Author: salzo
Date: 2010-06-26 00:01
About ten years ago I was visiting with an in law, whose daughter just started taking clarinet lessons. Wouldnt it be great if Uncle Salzo gave her a lesson. So she starts playing, squawking away, and I take a look at her instrument to see if the sounds she is producing are the result of something screwed up on her horn. She has a chedeville sitting on top of her clarinet. So I tell her dad that in the right hands this could be a great mouthpiece, that a lot of clarinetist would love to have this, and blah blah blah. I told him to put it away and get another mouthpiece for his daughter to use. He told me how it was his horn when he was a kid, and his dad went to the store and bought the chedeville because he broke the one that was there originally. I was kind of hoping he would say "do you want it", but it never came.
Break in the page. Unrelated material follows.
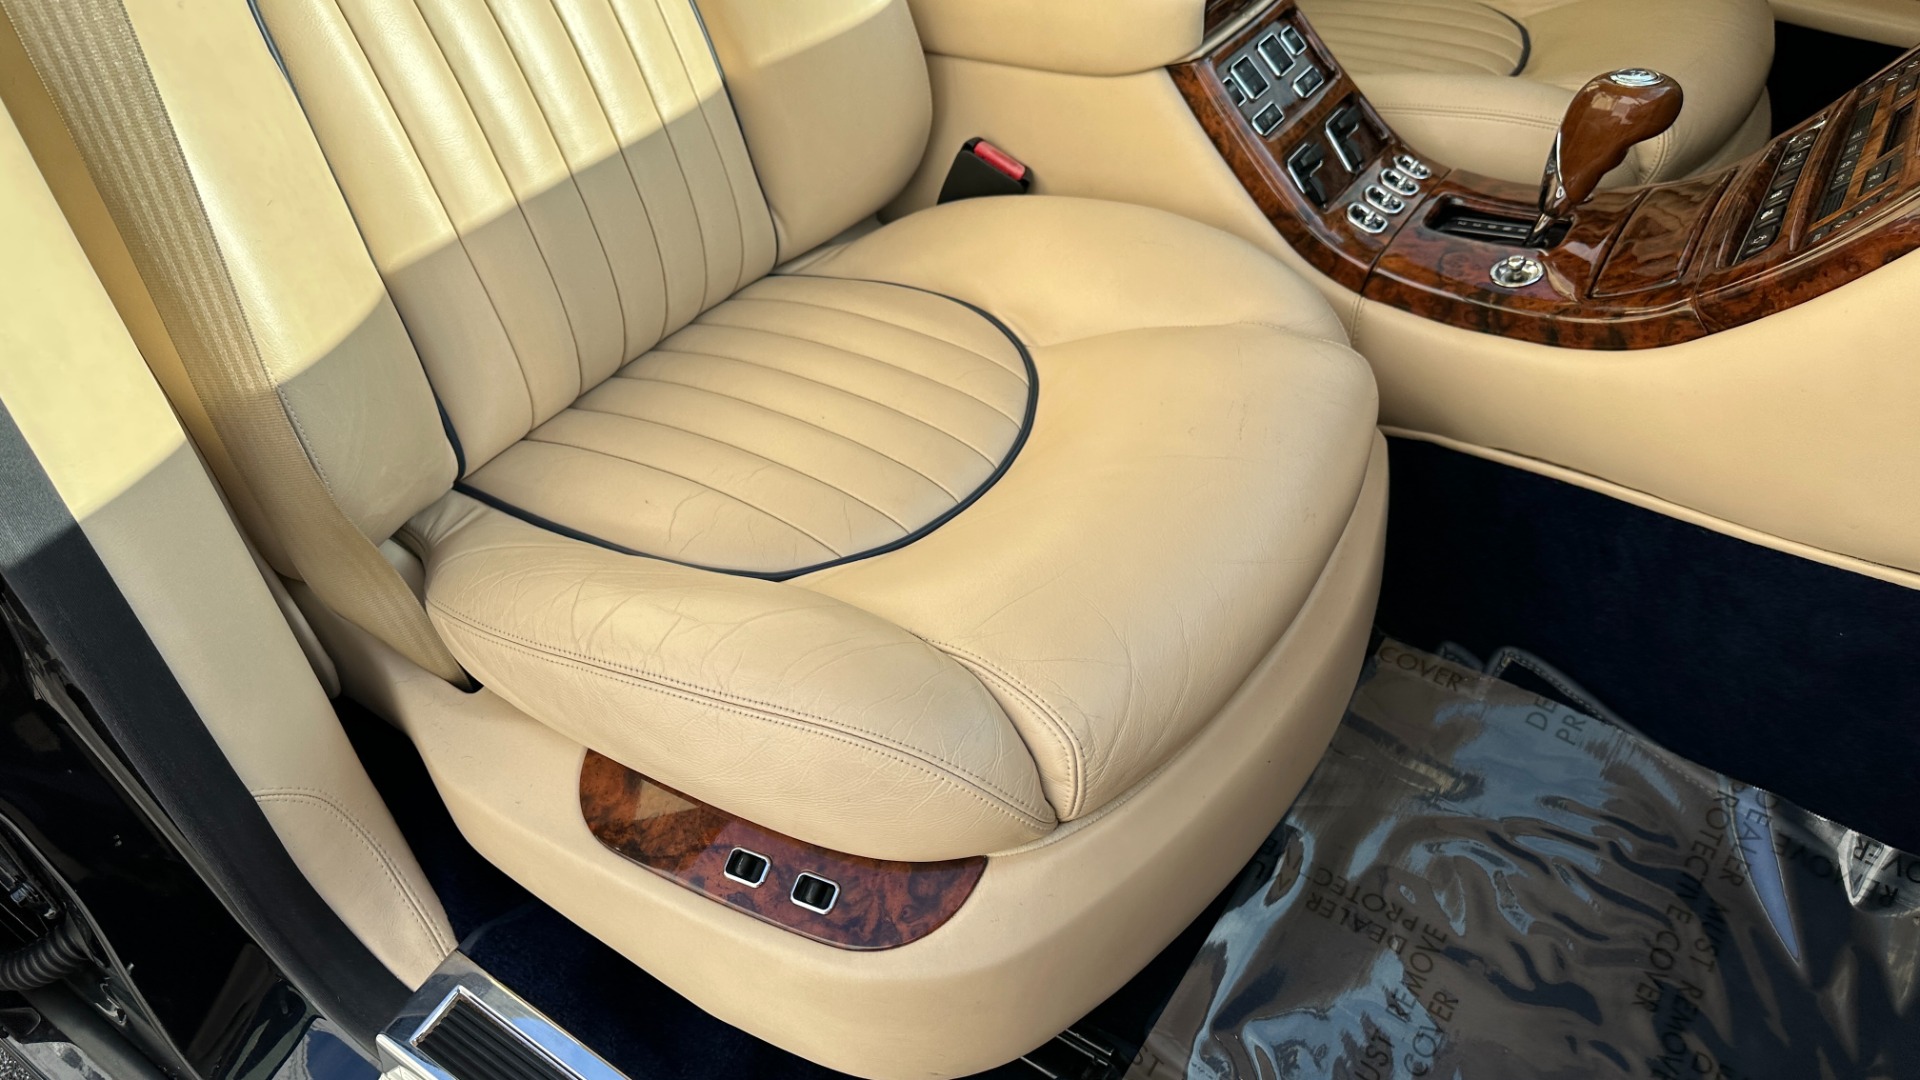 Used 2001 Bentley ARNAGE RED LABEL 6.75L V8 / TURBO / FULL LEATHER / WOOD TRIM / HEATED SEATS / SUNR for sale Sold at Formula Imports in Charlotte NC 28227 14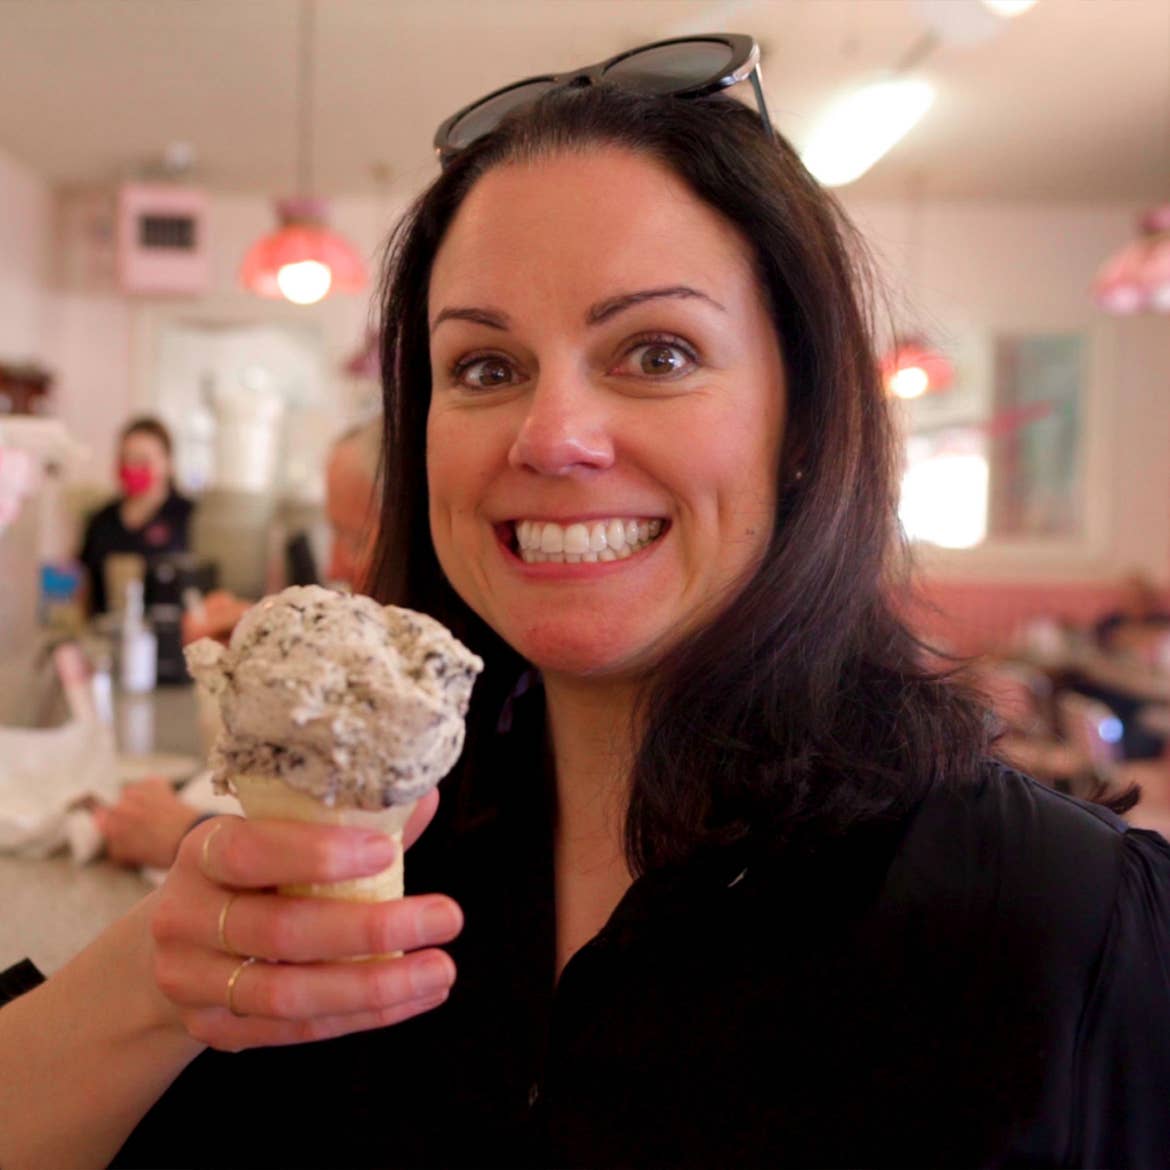 A woman wearing a black sweater and sunglasses holds an ice cream cone in a vintage diner.

I see him once or twice a year, I ask him how is the chedeville doing, he laughs, says that he put it away. The girl quit the clarinet about a month after she started.
I am seeing him on the 4th. I WANT THIS MOUTHPIECE!! How do I convince him that sentimentality is absurd, and the mouthpiece should be played, PLAYED!
I am prepared to offer him $100 and a mouthpiece to replace it-but he doesnt need the money, and I dont know if money is the best tact to go with an in law.
So how would you handle this?
An in law that you see once or twice a year, MAYBE you converse with him for five minutes, who has a mouthpiece sitting in a drawer somewhere, who is reluctant to let it go because his father bought it for him when he was a kid.